### Exercise directions:
Make an exact copy of the listing so that no picture is carried over.

### Given data:
▽

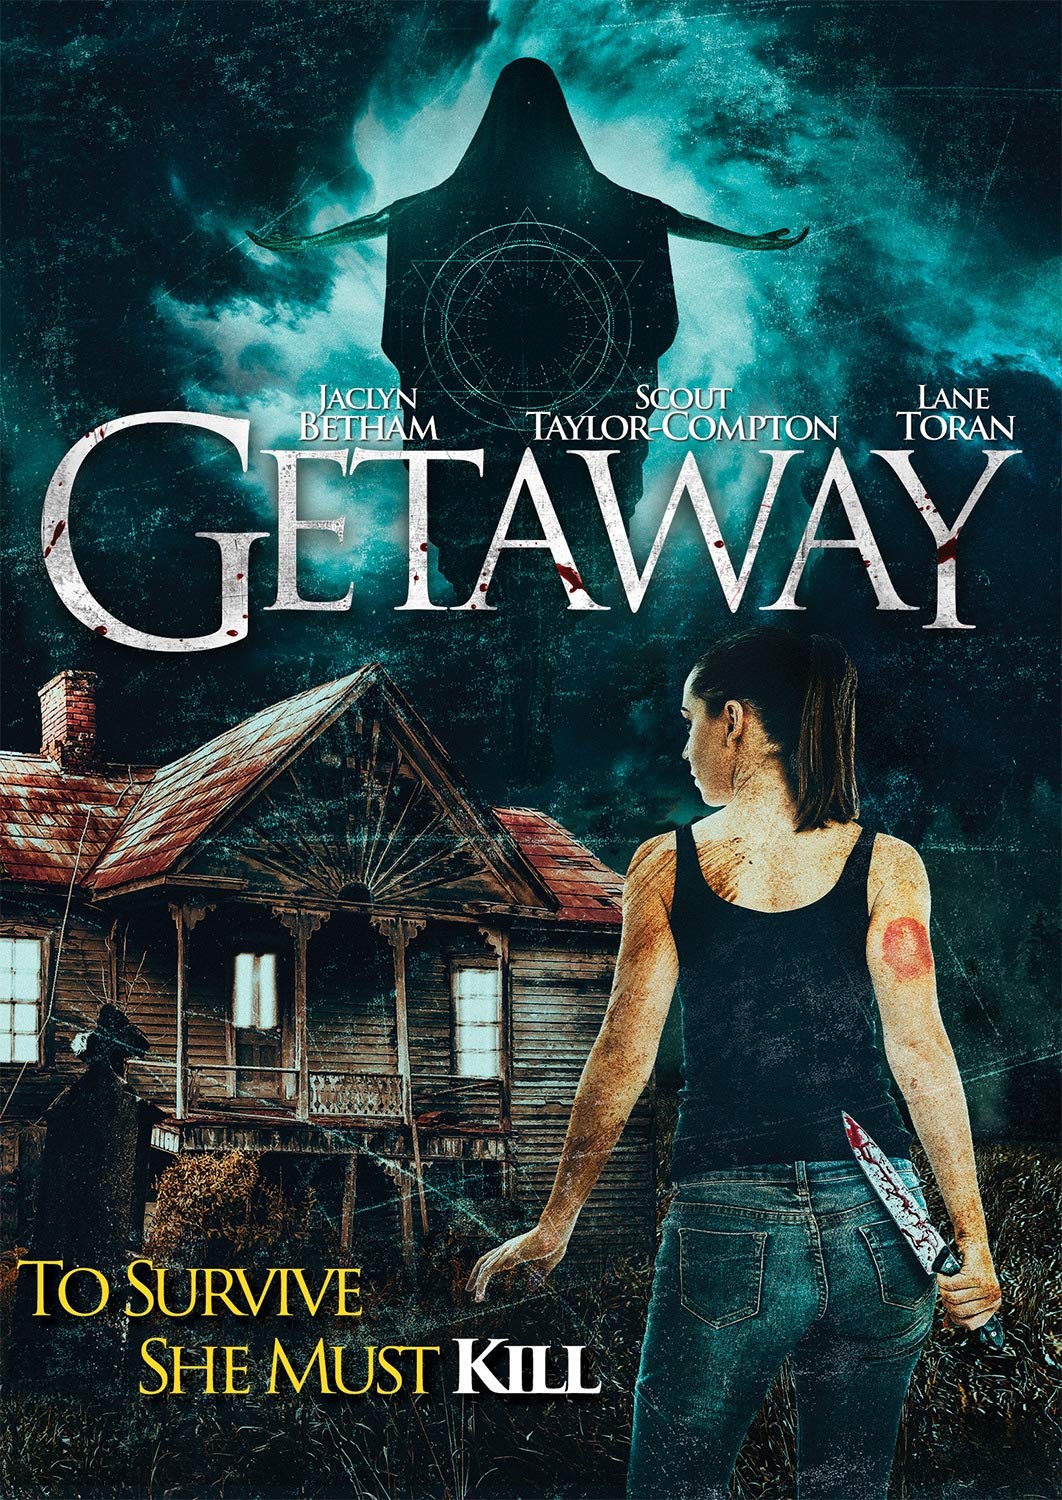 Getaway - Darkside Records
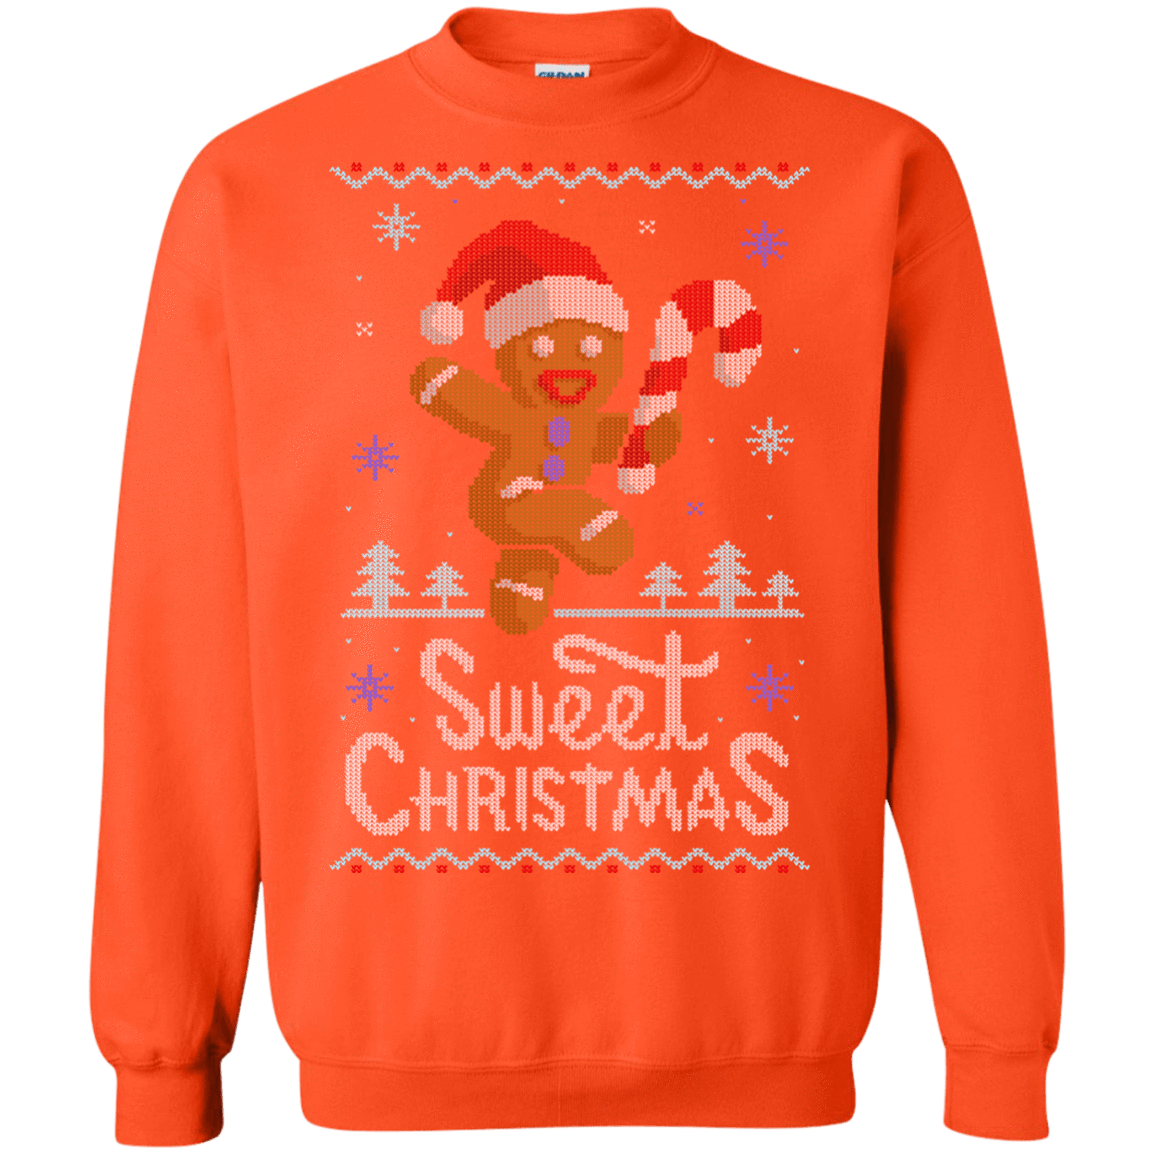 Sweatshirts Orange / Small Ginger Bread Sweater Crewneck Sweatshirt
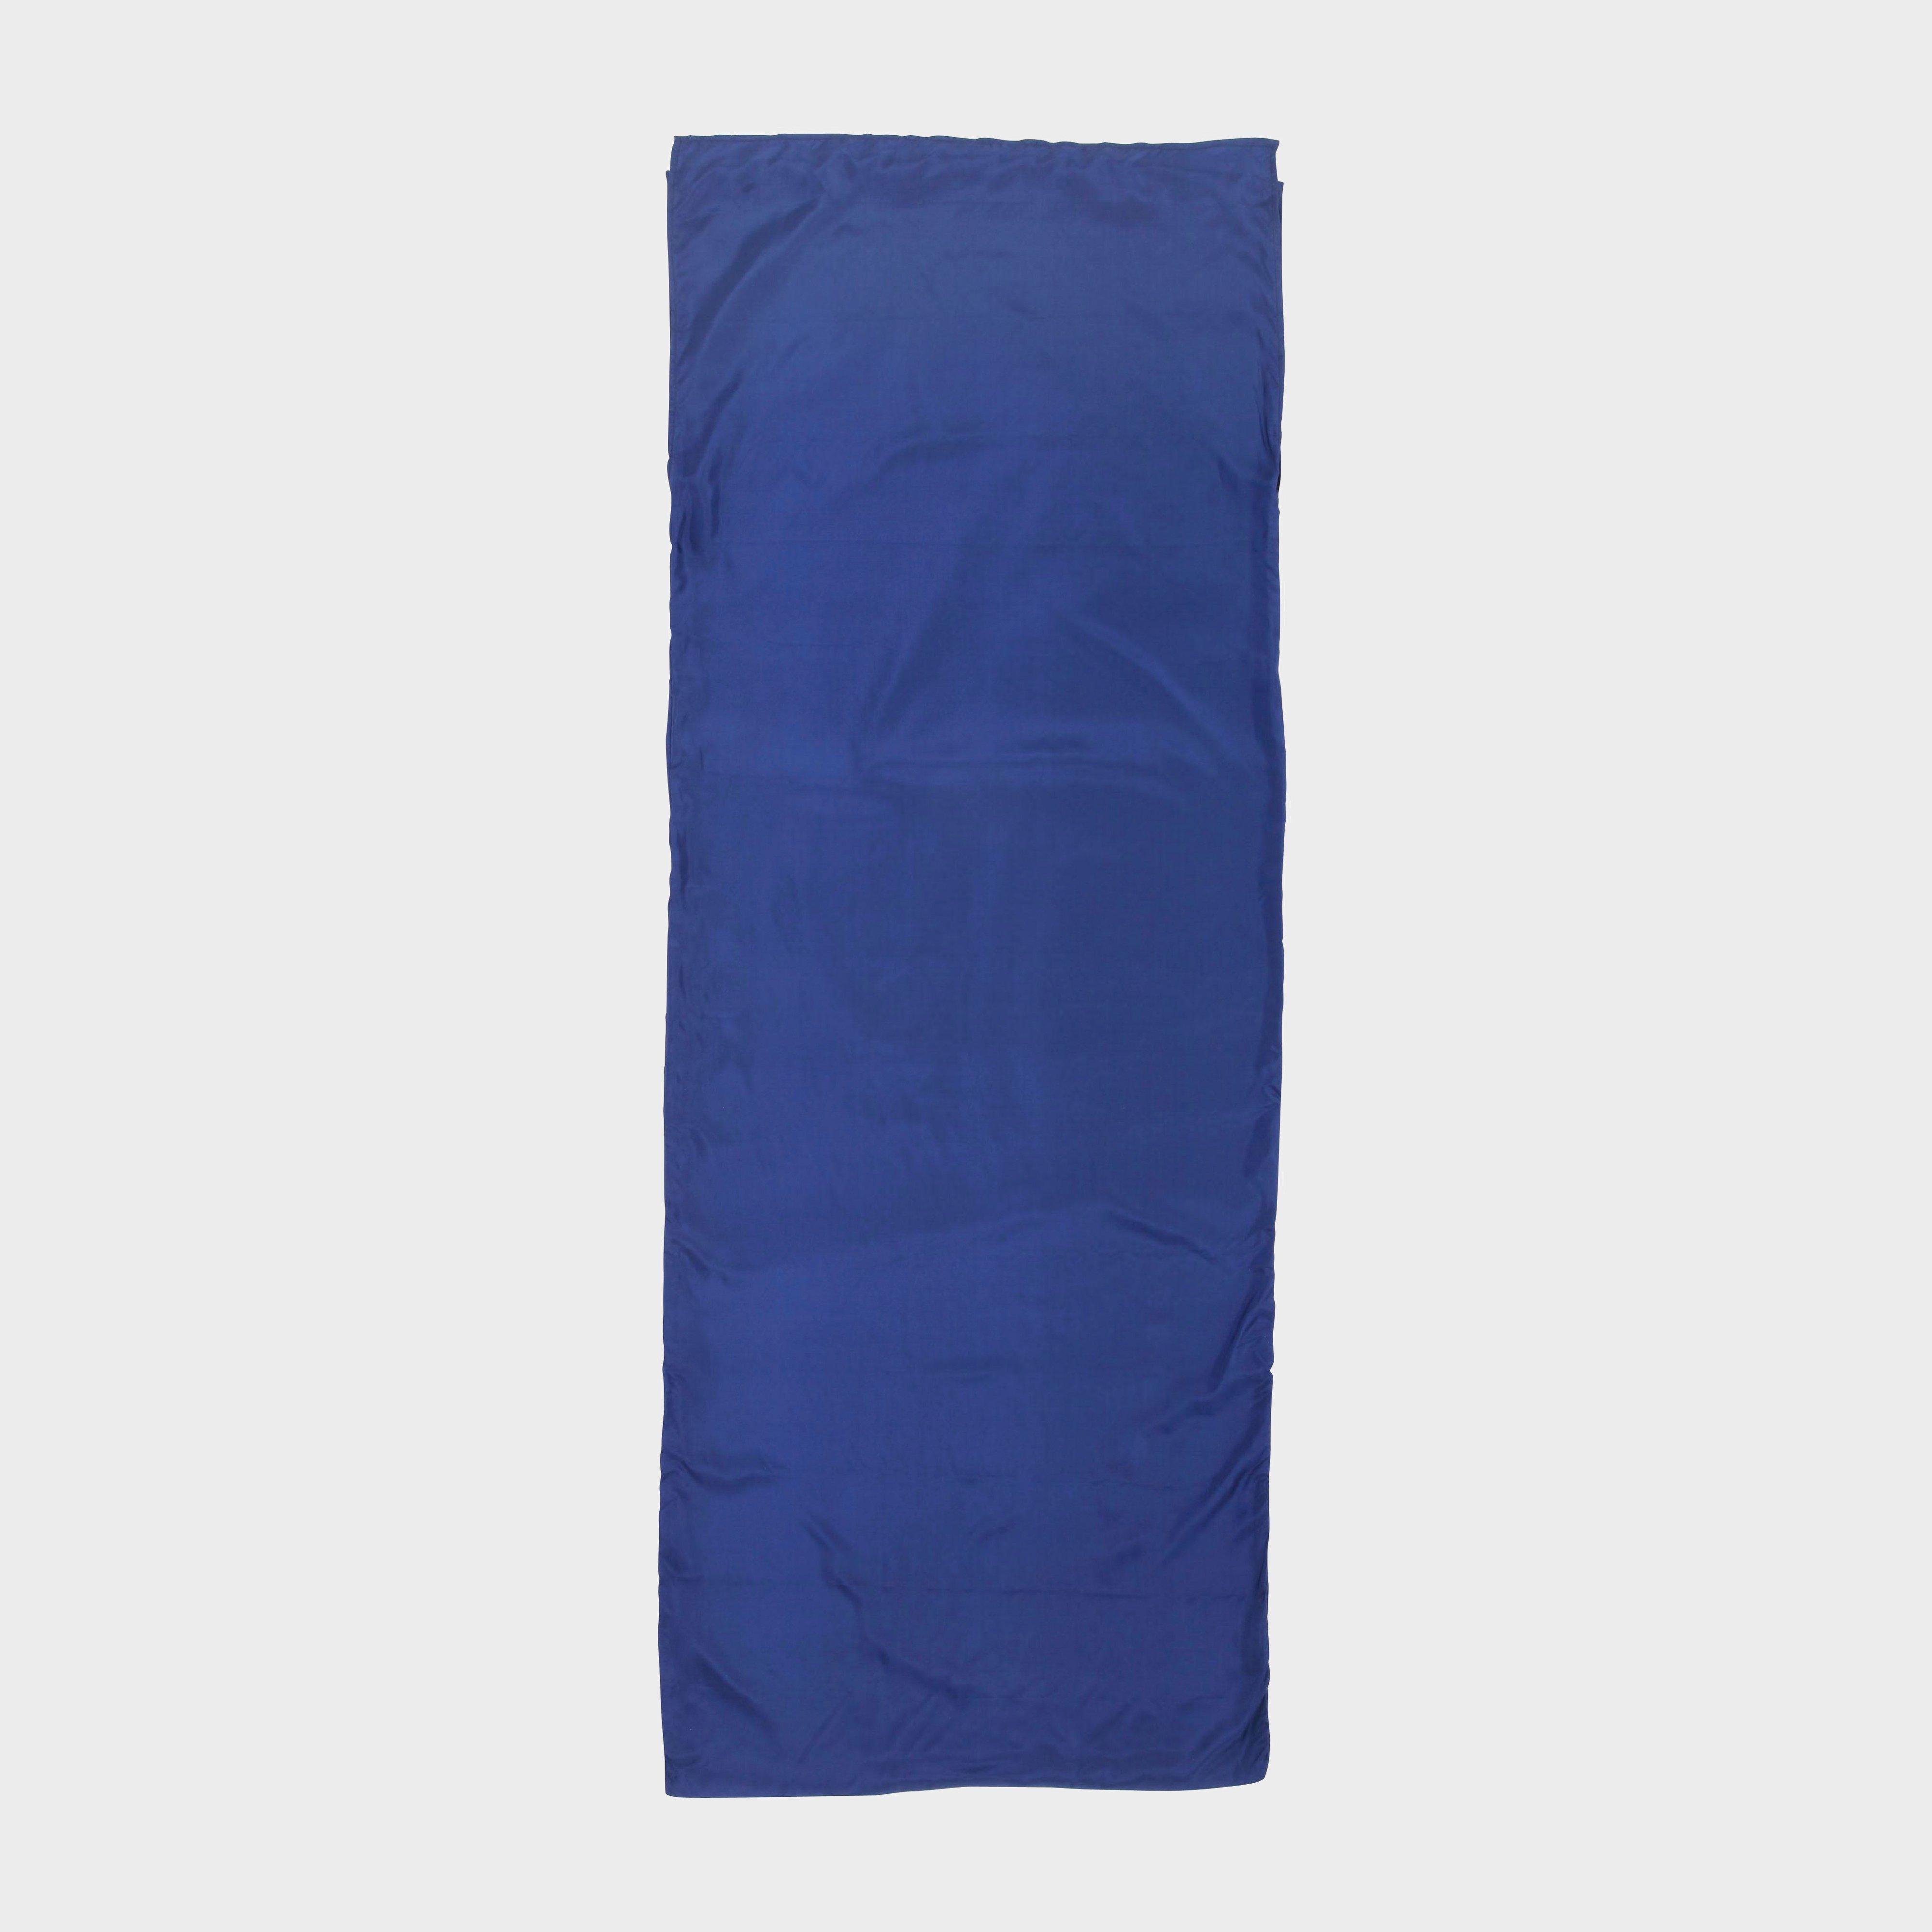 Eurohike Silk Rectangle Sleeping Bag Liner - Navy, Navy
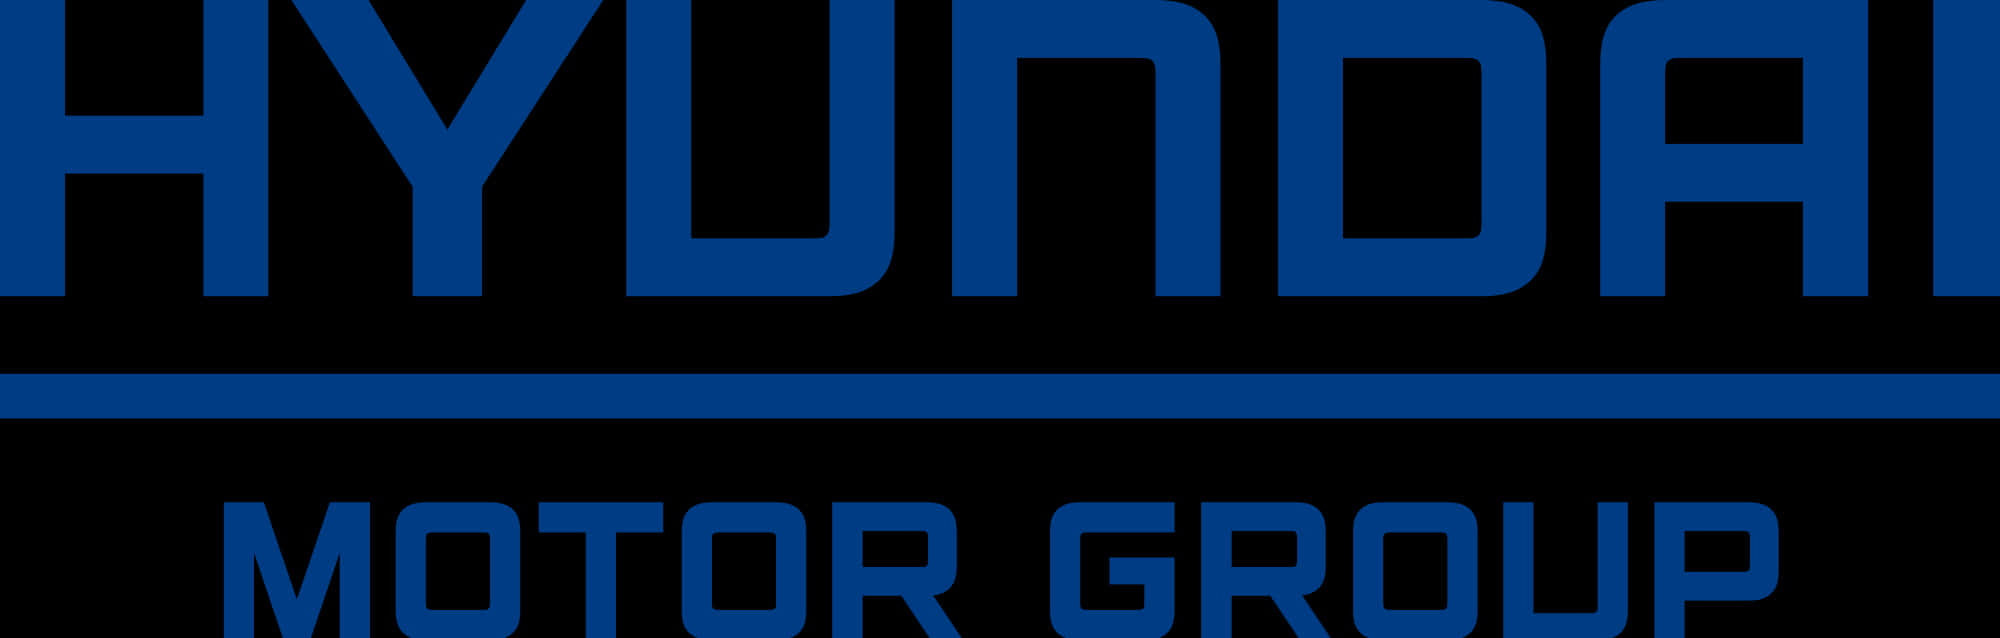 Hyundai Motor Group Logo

△

### Reply to the task:
 Getaway - Darkside Records
 Sweatshirts Orange / Small Ginger Bread Sweater Crewneck Sweatshirt
 Eurohike Silk Rectangle Sleeping Bag Liner - Navy, Navy
 Hyundai Motor Group Logo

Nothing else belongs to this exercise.